- _Your assignment_:
Reproduce from the records below, with no pictures, exactly the lines between the one containing "Gender Roles and Identities in Society essay" and the one containing "Welcome to Costco's Food Safety Program", inclusive.

- _Listed entries_:
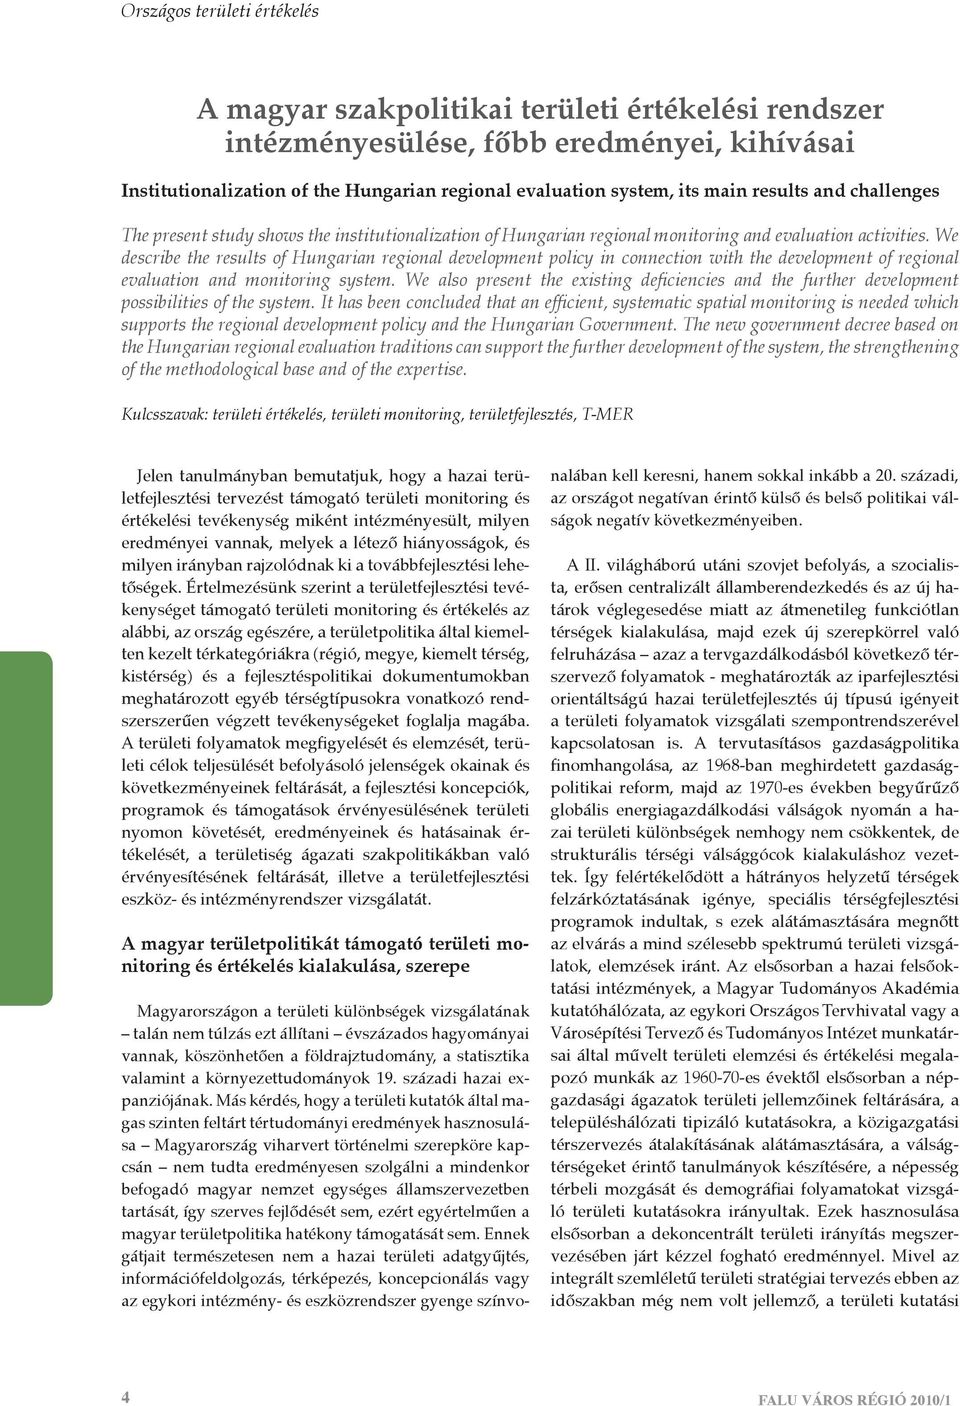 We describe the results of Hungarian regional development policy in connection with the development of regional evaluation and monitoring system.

==

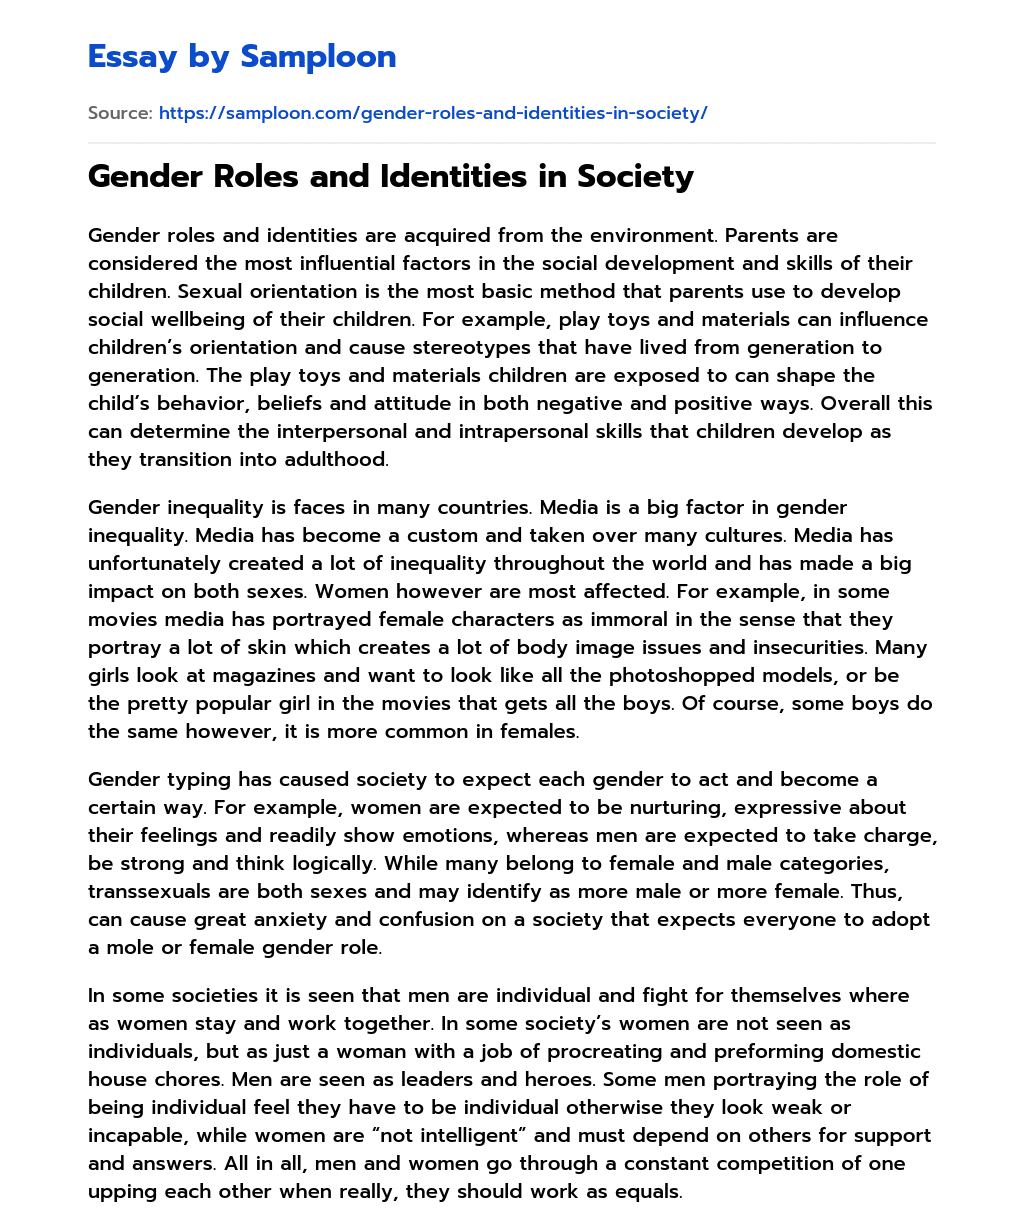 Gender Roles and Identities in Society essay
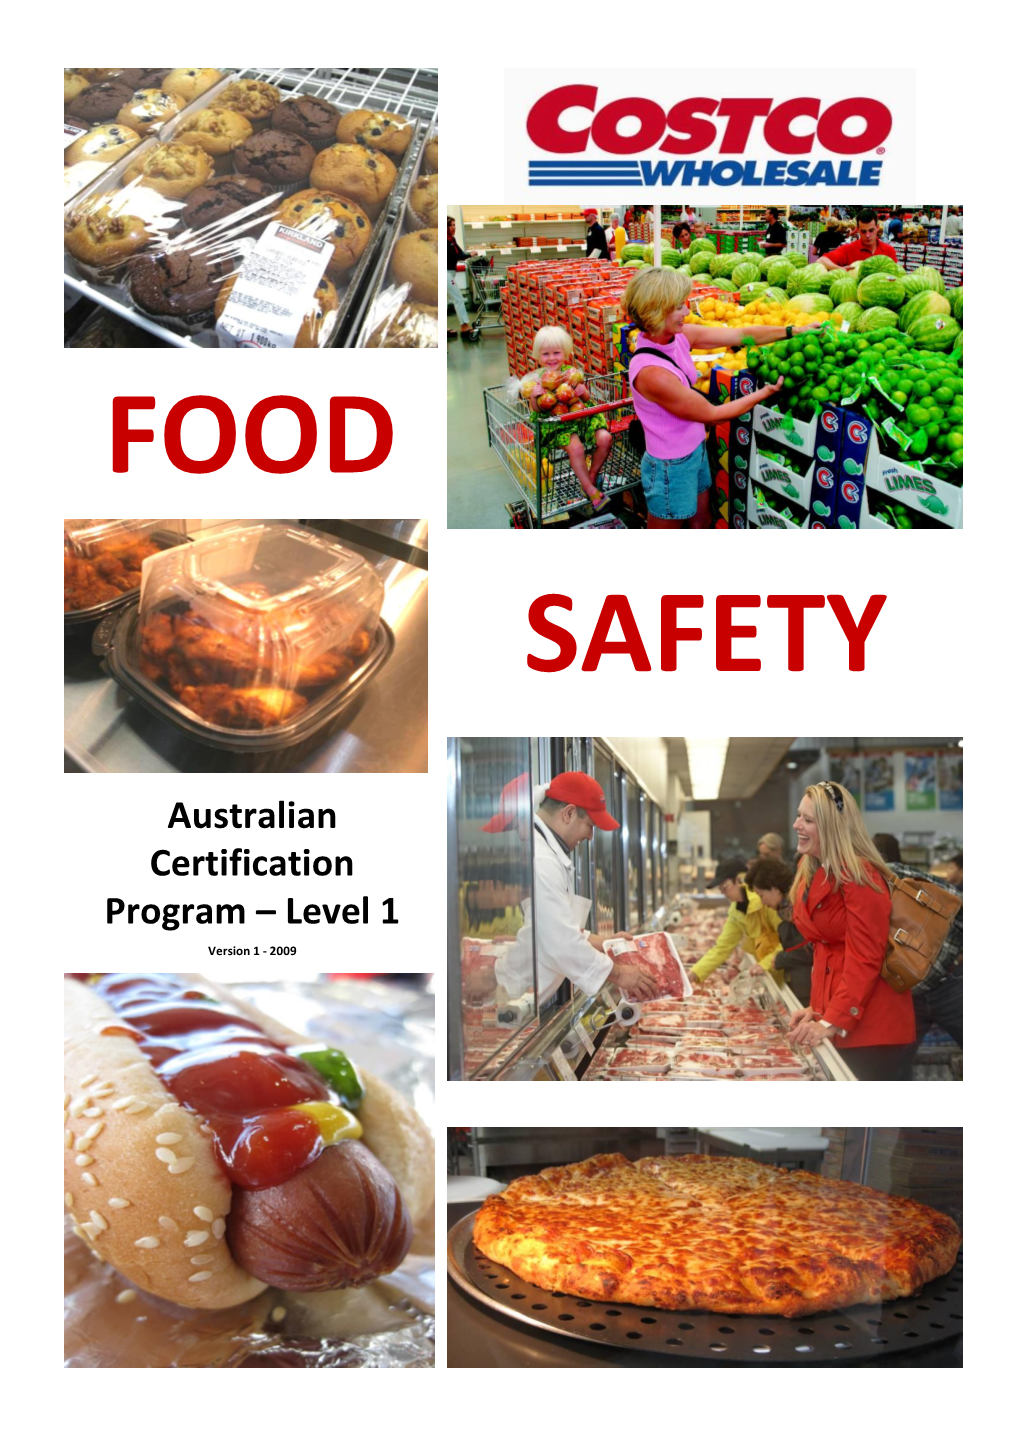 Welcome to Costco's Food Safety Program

- _Response below_:
 Gender Roles and Identities in Society essay
 Welcome to Costco's Food Safety Program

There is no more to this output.